Thaumarchaota archaeon DS1 is a novel archaeon found the in the hot springs of Yellowstone National Park. Its place of discovery infers that this archaeon is a thermoacidophile and its cell membrane must be structured to accommodate this harsh environment. Although DS1 has never been cultured in a laboratory, its genome has been sequenced. A gene of DS1 was found to code for a putative enzyme similar to FabG; an enzyme involved in the biosynthetic pathway of fatty acid chains. This putative FabG-like protein may be critical for DS1 in the synthesis of its membrane that allows it to live in environments with high temperature and low pH. BLAST will be utilized to compare its protein sequence to that of bacteria and archaea known to contain such a protein.

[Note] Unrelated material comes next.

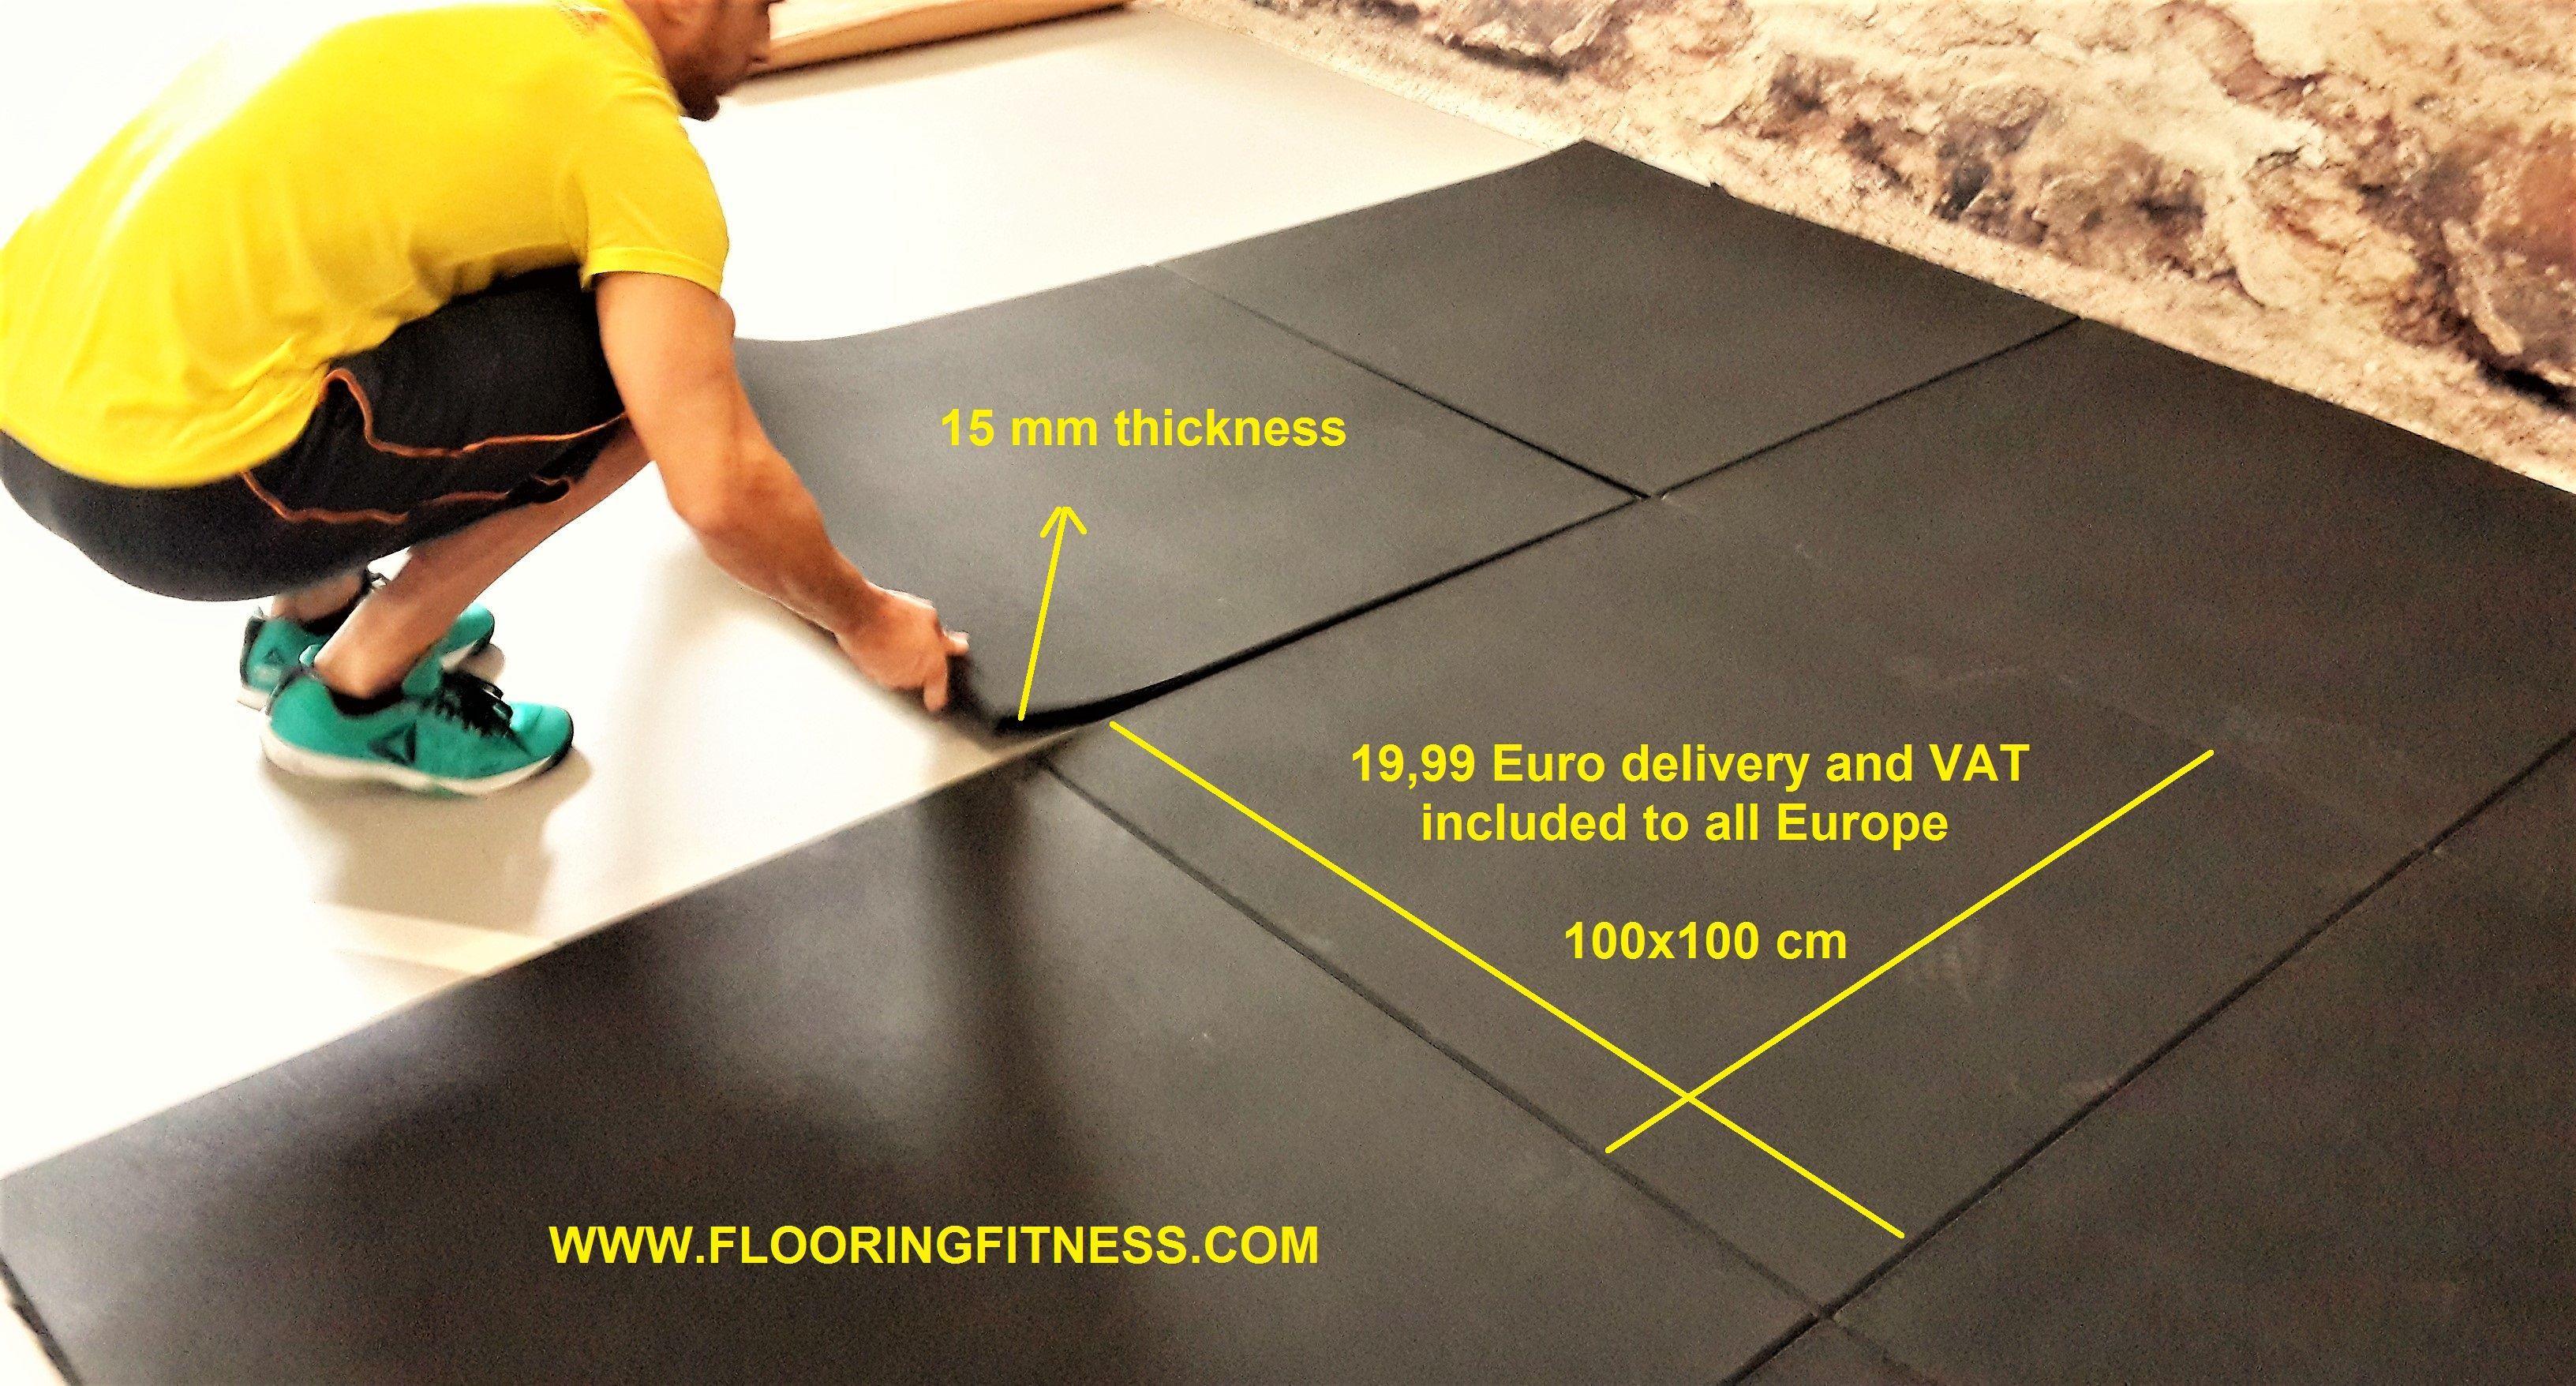 Gym flooring tiles 1999 euro flooringfitness gym flooring gym flooring tiles 1999 euro flooringfitness dailygadgetfo Image collections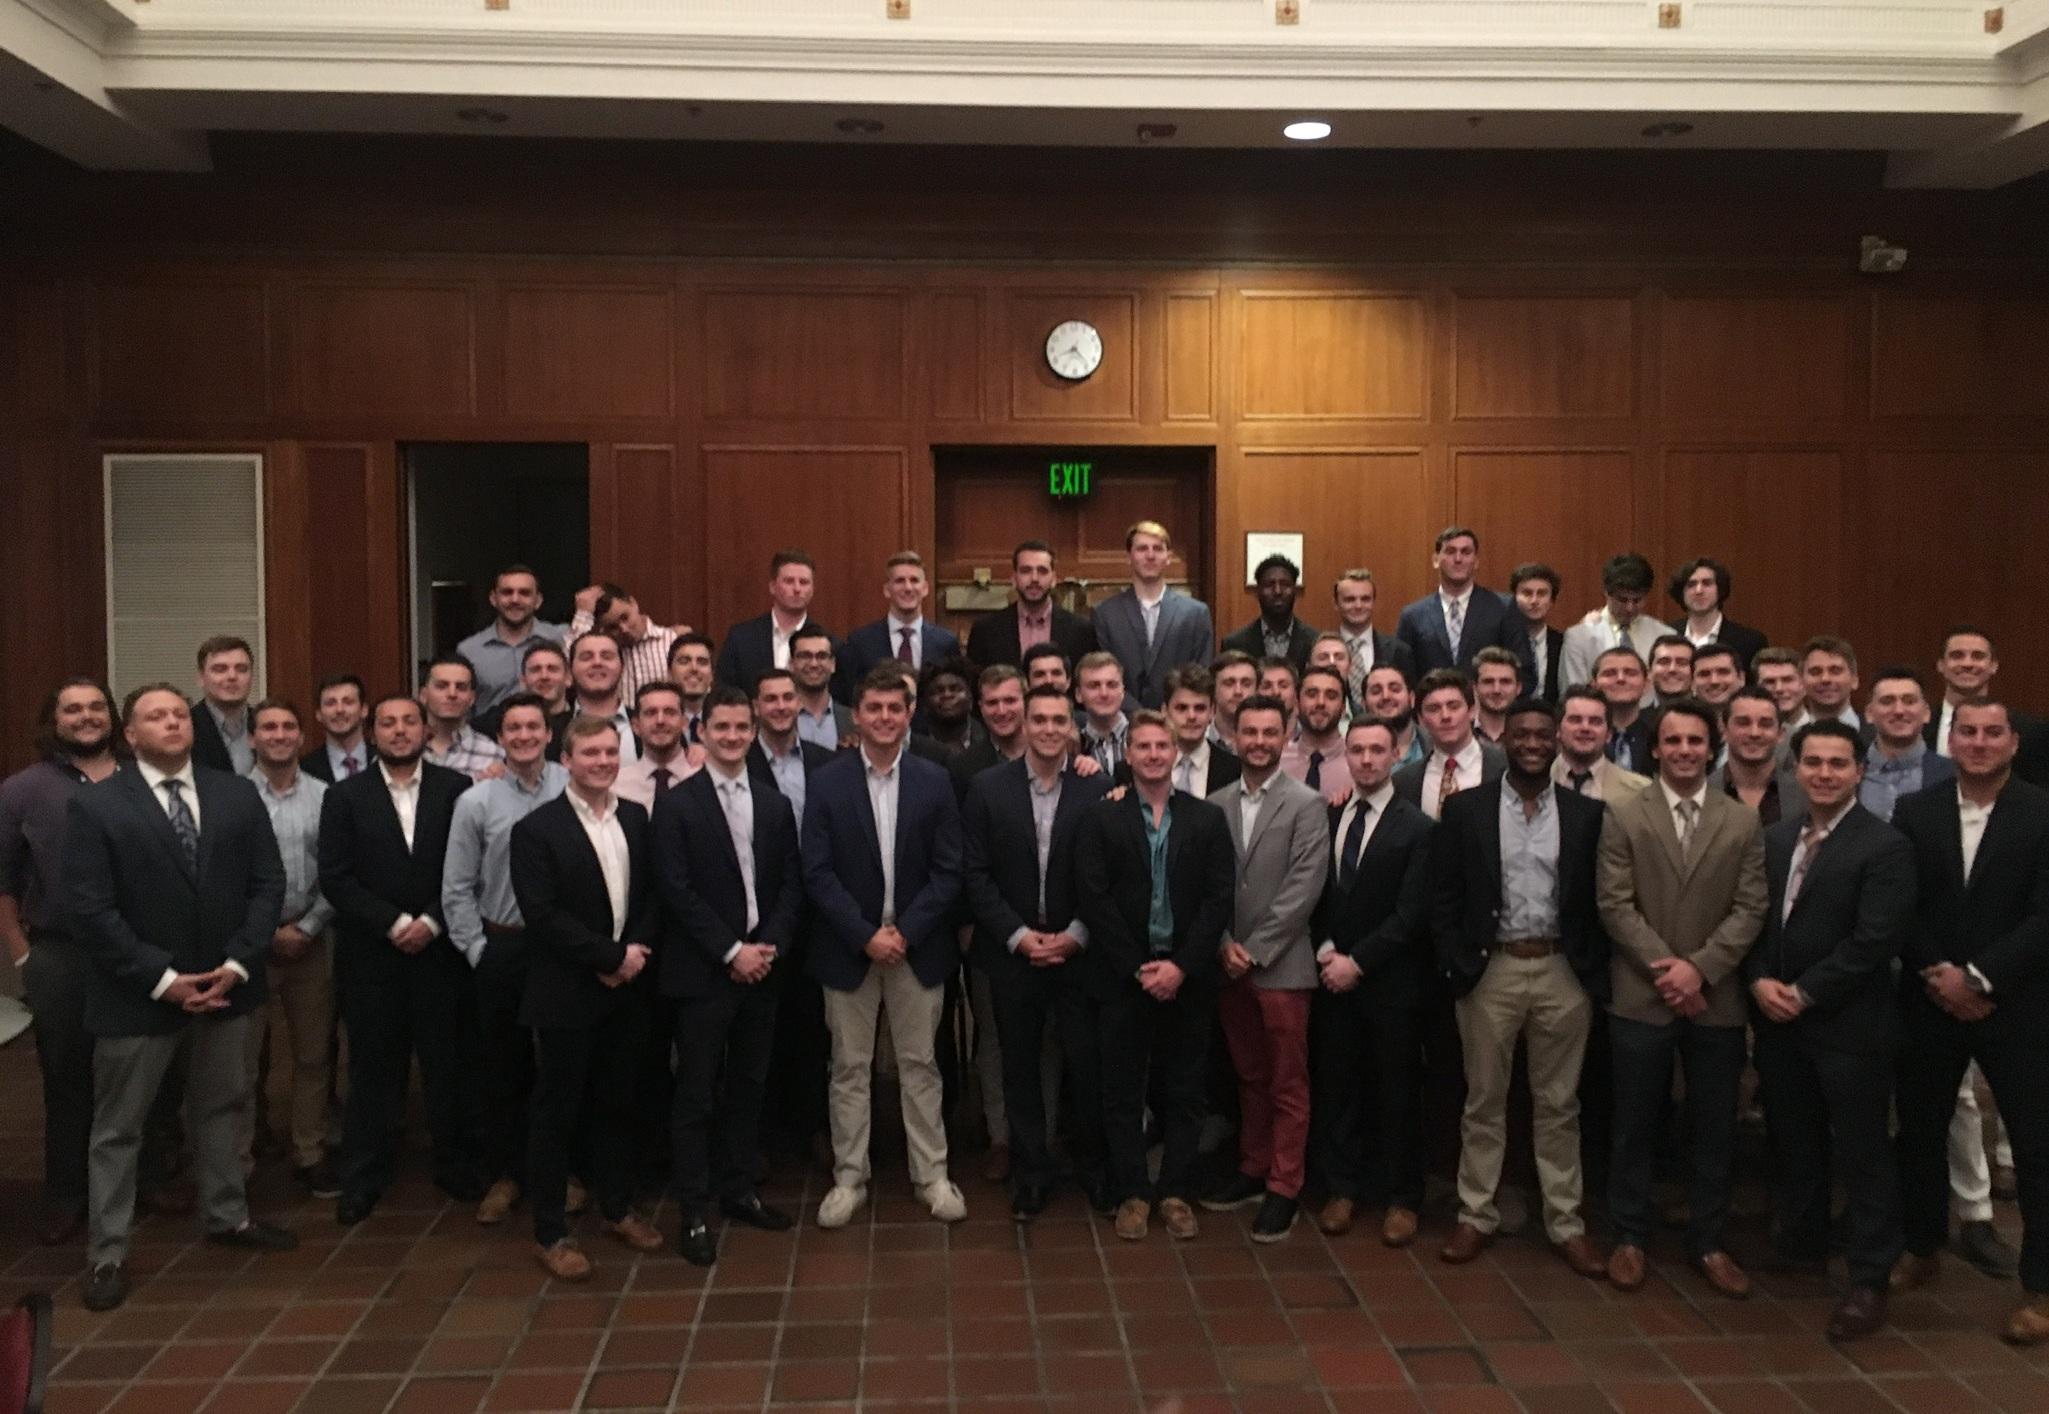 The 2018-2019 Salisbury University Kappa Sigma - Pi Sigma Chapter

The protein’s evolutionary phylogenetic tree will be constructed to reveal ancestral roots. KEGG will be utilized to find the possible location of the putative FabG protein in the biosynthesis pathway. It is known that FabG performs the NADPH-dependent reduction of beta-ketoacyl-ACP substrates to beta-hydroxyacyl-ACP products but its use by DS1 to produce an end product for quorum sensing and membrane synthesis is yet to be fully explored. Study of this enzyme can provide an insight into biofilm formations and quorum sensing in DS1. My hypothesis is that DS1 contains the gene to produce an enzyme that is a putative FabG-like protein.